Be Transformed by Christ, Not Conformed to this World

Read: Romans 12:1-2

The more time you spend with someone, the more you tend to become like them. This is probably most visible with teenagers whose interests can change like the wind. Almost overnight they can go from being super interested in one game, style of clothing, or genre of music to thinking those things are the lamest things ever while something else is now their favorite thing.

Why does that happen? Most of the time this change of interests can be traced to the friends that they’re spending the most time with. A kid whose best friend suddenly gets really into Fortnite and only talks about Fortnite, is going to try out playing Fortnite at least once. And if their friend continues to be interested in the game, they’re likely to keep that interest in it even if they initially didn’t like playing the game.

While this is probably most outwardly visible in youth, it serves as a truism for all people. The phenomenon is called conformity, and it goes beyond our mere outward actions all the way down to our very character. Paul is right when he says, “Bad company ruins good morals” (1 Cor. 15:33). Someone who spends most of their time with people who curse, smoke, and drink all day is very likely to also start cursing, smoking, and drinking even if they were adamantly against such things before they met those people.

The opposite is true as well. A young man who enters into a personal discipleship relationship with a godly older Christian is likely to start picking up the traits, characteristics, and potentially even the mannerisms of that godly saint. Paul describes that very thing concerning his relationship with Timothy: “You…have followed my teaching, my conduct, my aim in life, my faith, my patience, my love, my steadfastness” (2 Tim. 3:10). Our tendency to conform goes beyond people as well. We may hate a particular genre of music, but if, for some reason, we were to start listening to a lot of that style of music we may eventually go from hate, to dislike, to tolerate, to like, to loving that brand of music.

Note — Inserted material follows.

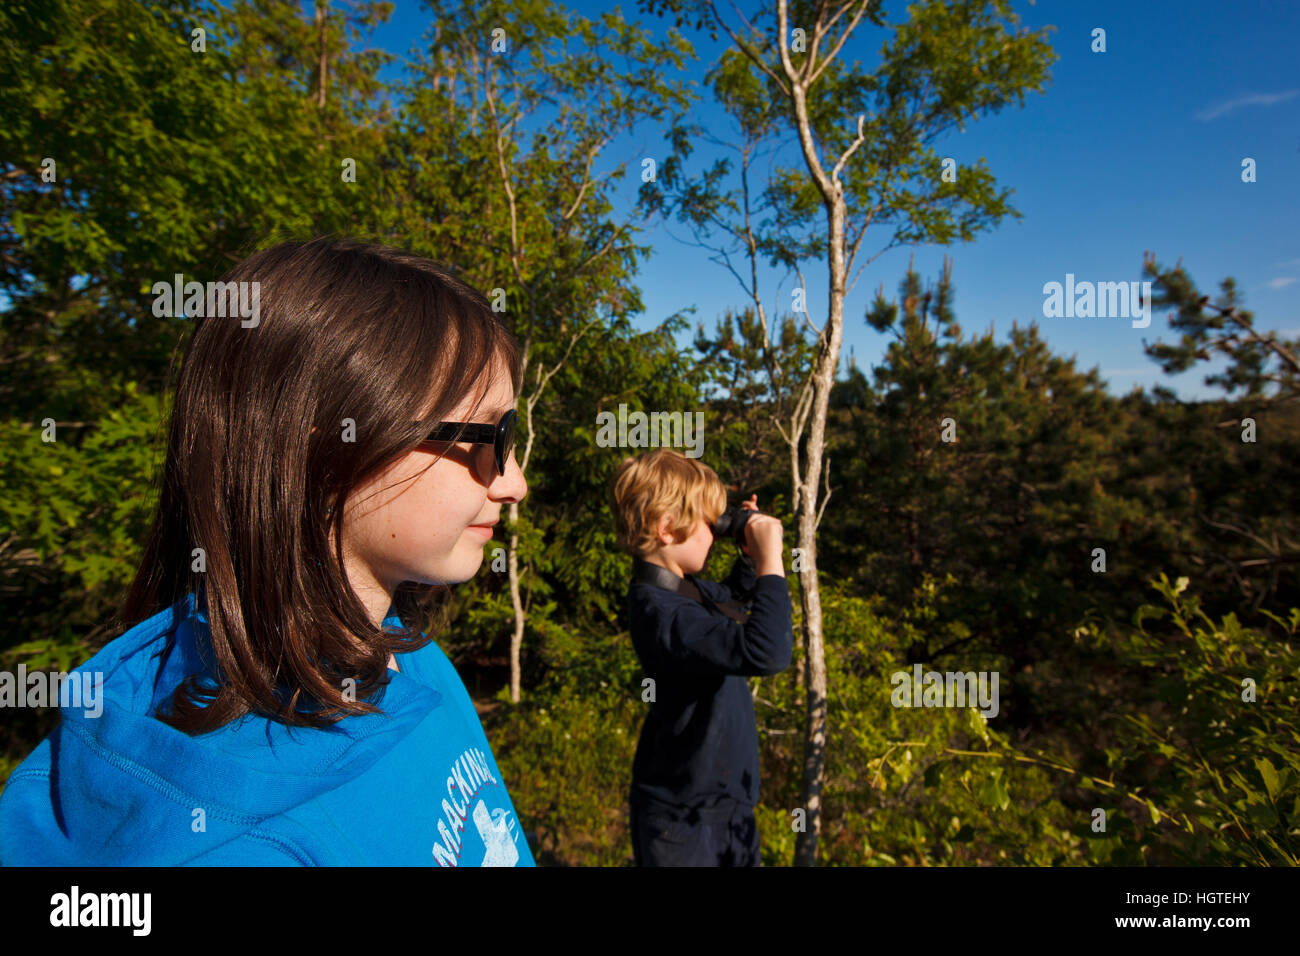 A young boy and girl take in the view from the Biddle Property in Wellfleet, Massachusetts. Cape Cod National Seacshore. Stock Photo

Why is this important to note? Here’s an important reason: We are born fallen, dead in our sin, and we live our entire lives in a fallen world that is diametrically opposed to Christ, his Word, and his people. When we are saved by his grace through faith in his person and work, the Holy Spirit comes and lives inside of us and gives us a new nature with a tender heart that truly does love Christ and his commands (Jer 31:31-33; Ezek 36:24-26; Titus 3:4-7).

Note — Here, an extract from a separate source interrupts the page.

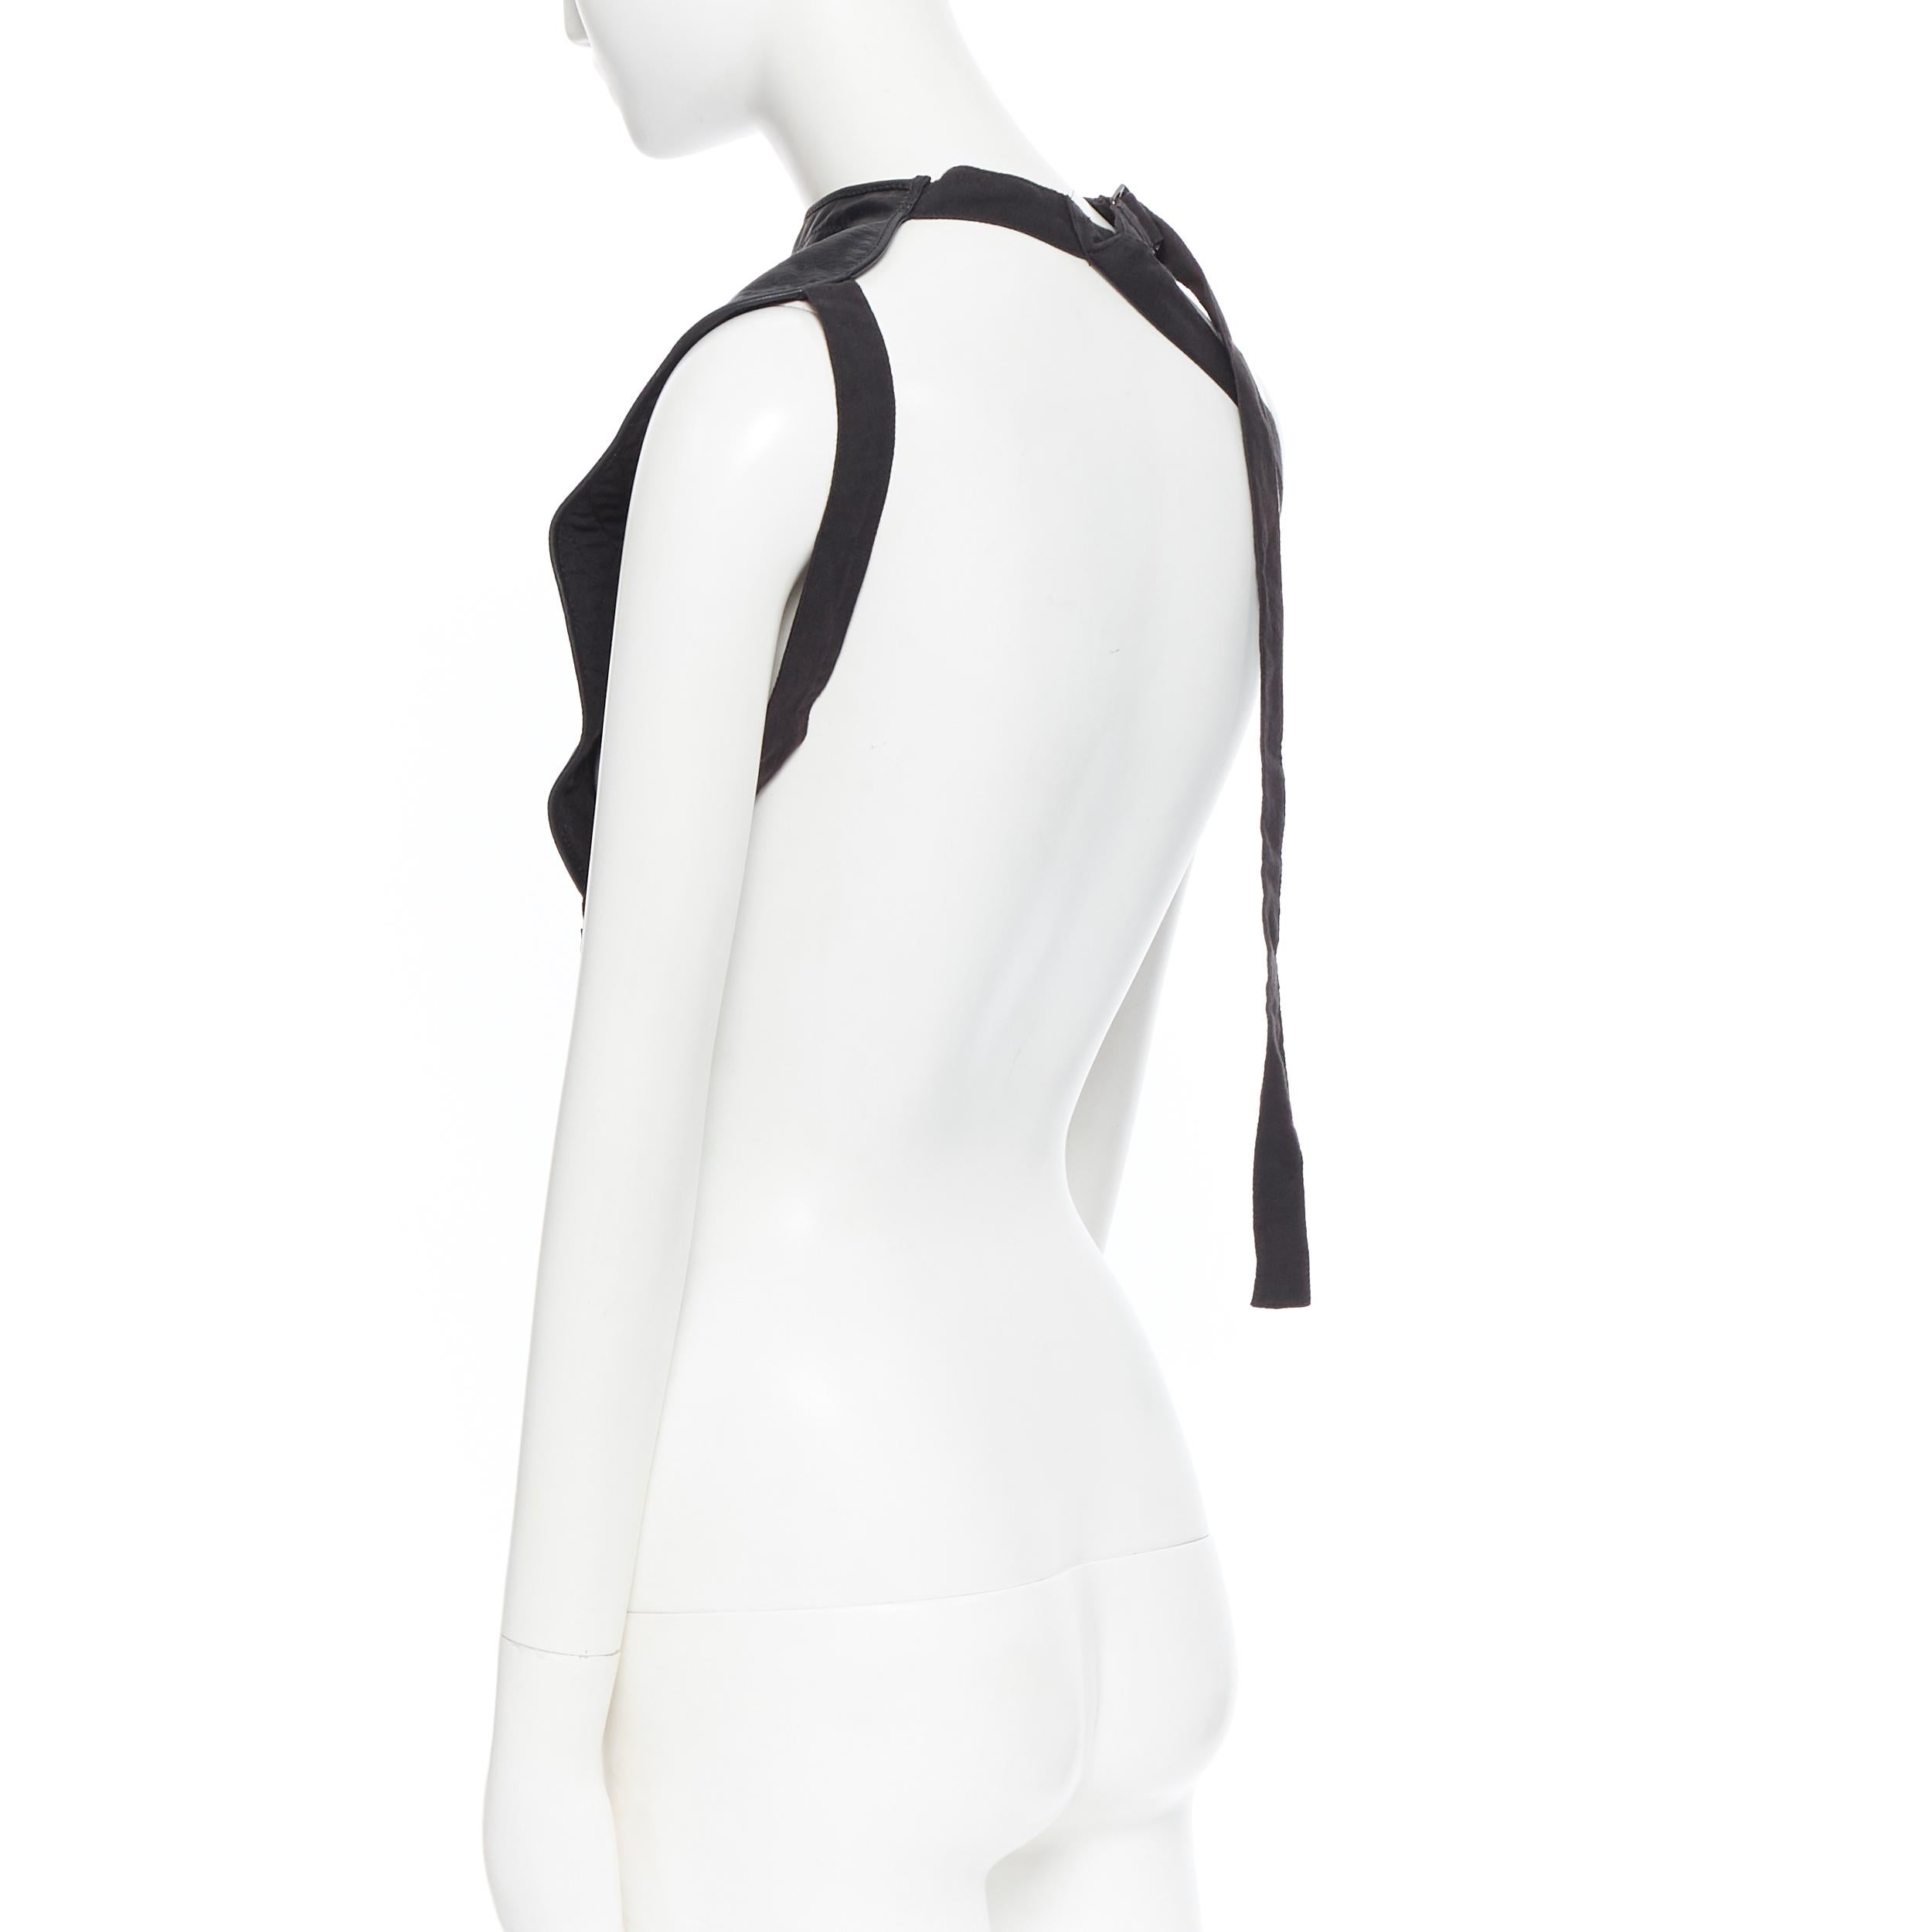 ANN DEMEULEMEESTER black contour stitched strapped harness leather piece top S 1

As Christians we really do want to live righteously. We really do want to view and understand the world as Christ views it and made it. The problem is that by necessity we spend a lot of time in the world. So, not only do we have to struggle against our flesh and former ways of thinking and viewing God, the world, ourselves, and other people, but we are also inundated day after day with the things of this world and its ruler that seeks to influence us away from Christ and His kingdom (Eph. 6:12).

This is why, after spending eleven chapters expounding the gospel and what Christ has done for the believer through his death and resurrection, Paul starts his practical exhortations this way: “I appeal to you therefore, brothers, by the mercies of God, to present your bodies as a living sacrifice, holy and acceptable to God, which is your spiritual worship” (Rom. 12:1). How do we present our bodies to God as a living sacrifice? We do so by not letting ourselves be conformed to the image of world. We stop letting ourselves look like the world.

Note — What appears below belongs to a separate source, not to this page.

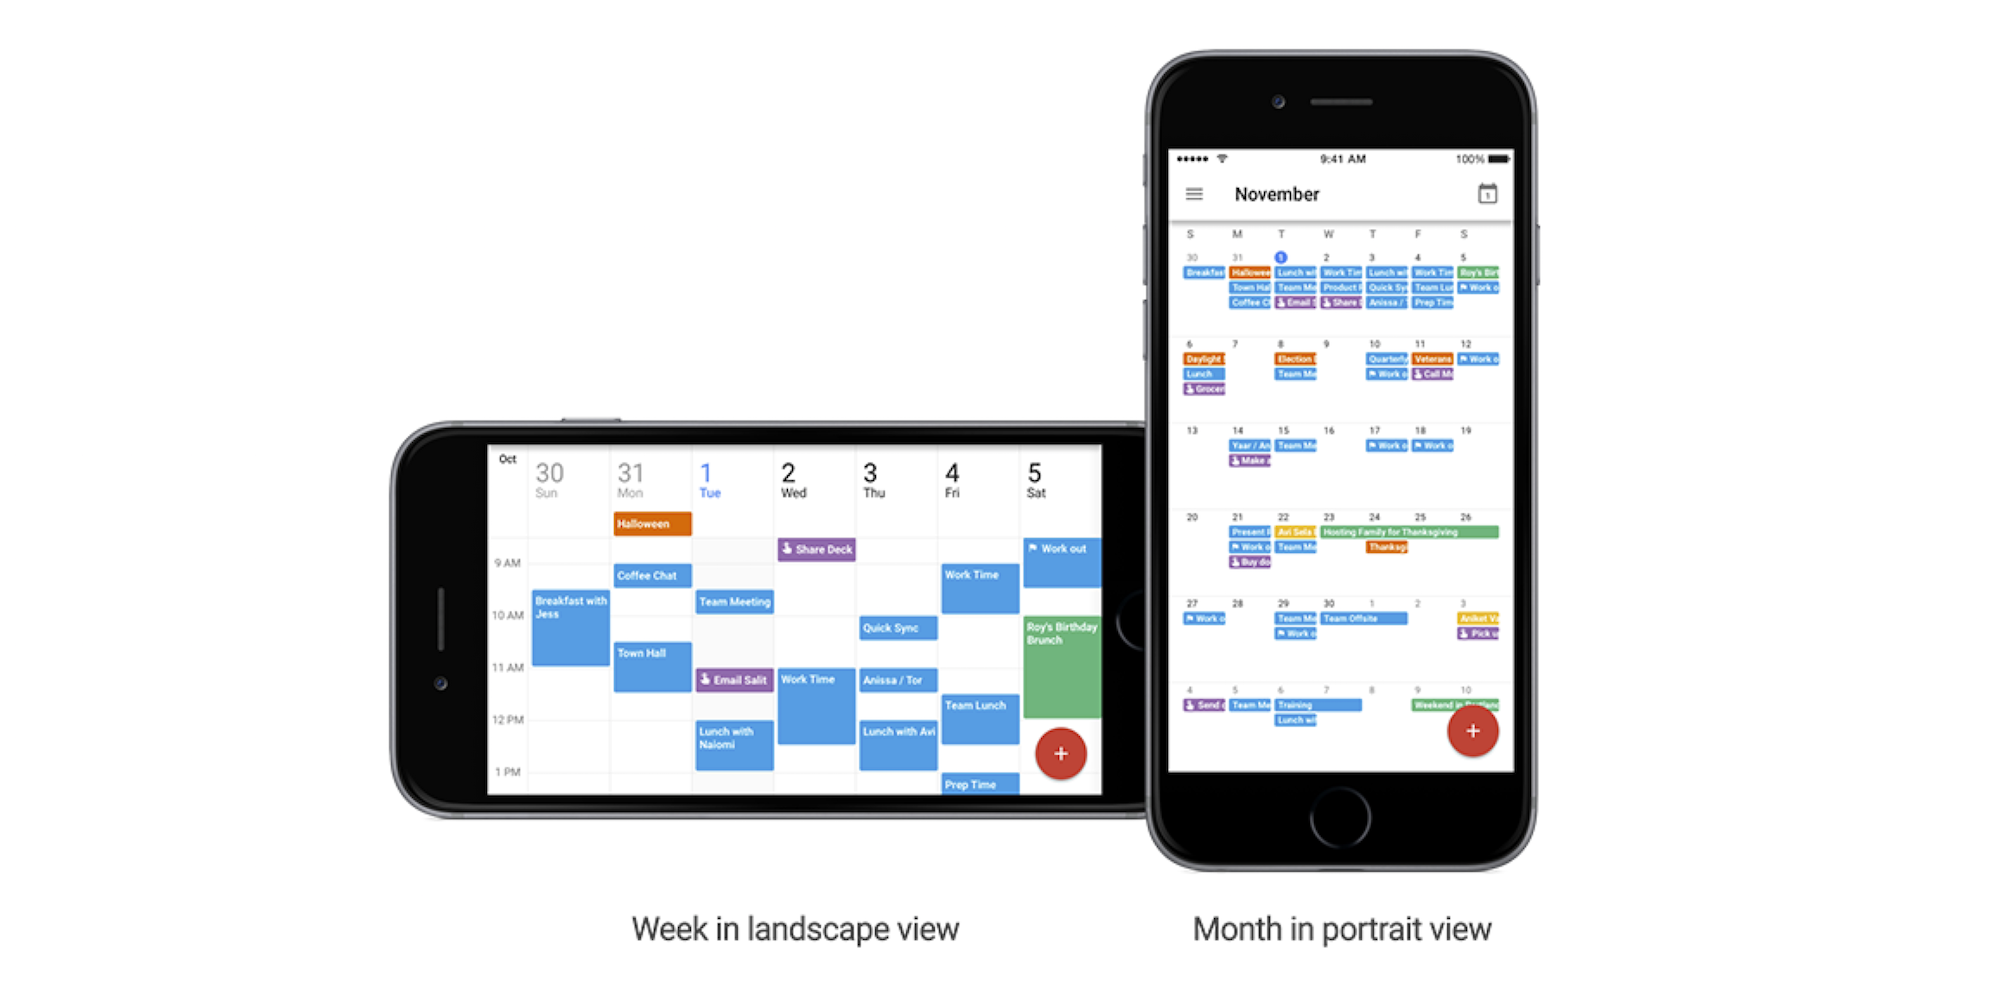 google-calendar-for-iphone-adds-spotlight-search-month-view-week-view

Instead, we spend time in the Word letting that have all the influence on our minds. Though we live in the world as sojourners, we do not allow the world’s values to color our vision or our thinking. Where the world and our own unredeemed thinking are at odds with Scripture, we humble ourselves, submit to God’s Word, and let it renew our minds so that we can think rightly about God, the world, ourselves, and others.

We cannot be lax in this. We must spend regular, consistent time in the Word, whether that is through reading, memorizing, and thinking about it continually, or hearing it preached to us. This cannot be a “Sunday only” thing. How can we expect to live godly lives if we only give Sunday mornings to letting God’s Word influence us while giving the world the other six and a half days? How can our love for Christ grow if we’re letting the world influence our thinking more than his Word? God has predestined all of his people to be conformed to the image of his Son (Rom. 8:29). That conformity will be complete when Christ returns and we receive our resurrected bodies (1 John 3:2), but if that is our future hope, shouldn’t we be striving to experience even a sliver of that in the present? Let us then spend time being influenced by Christ through His Word, having our minds renewed, so that we may look more like Christ each and every day.

Ponder and Pray: Consider how we can guard ourselves from being influenced by the world as we live in it. What are some gifts that God has given His people to help them in this? Finish by sharing prayer requests and praying for one another.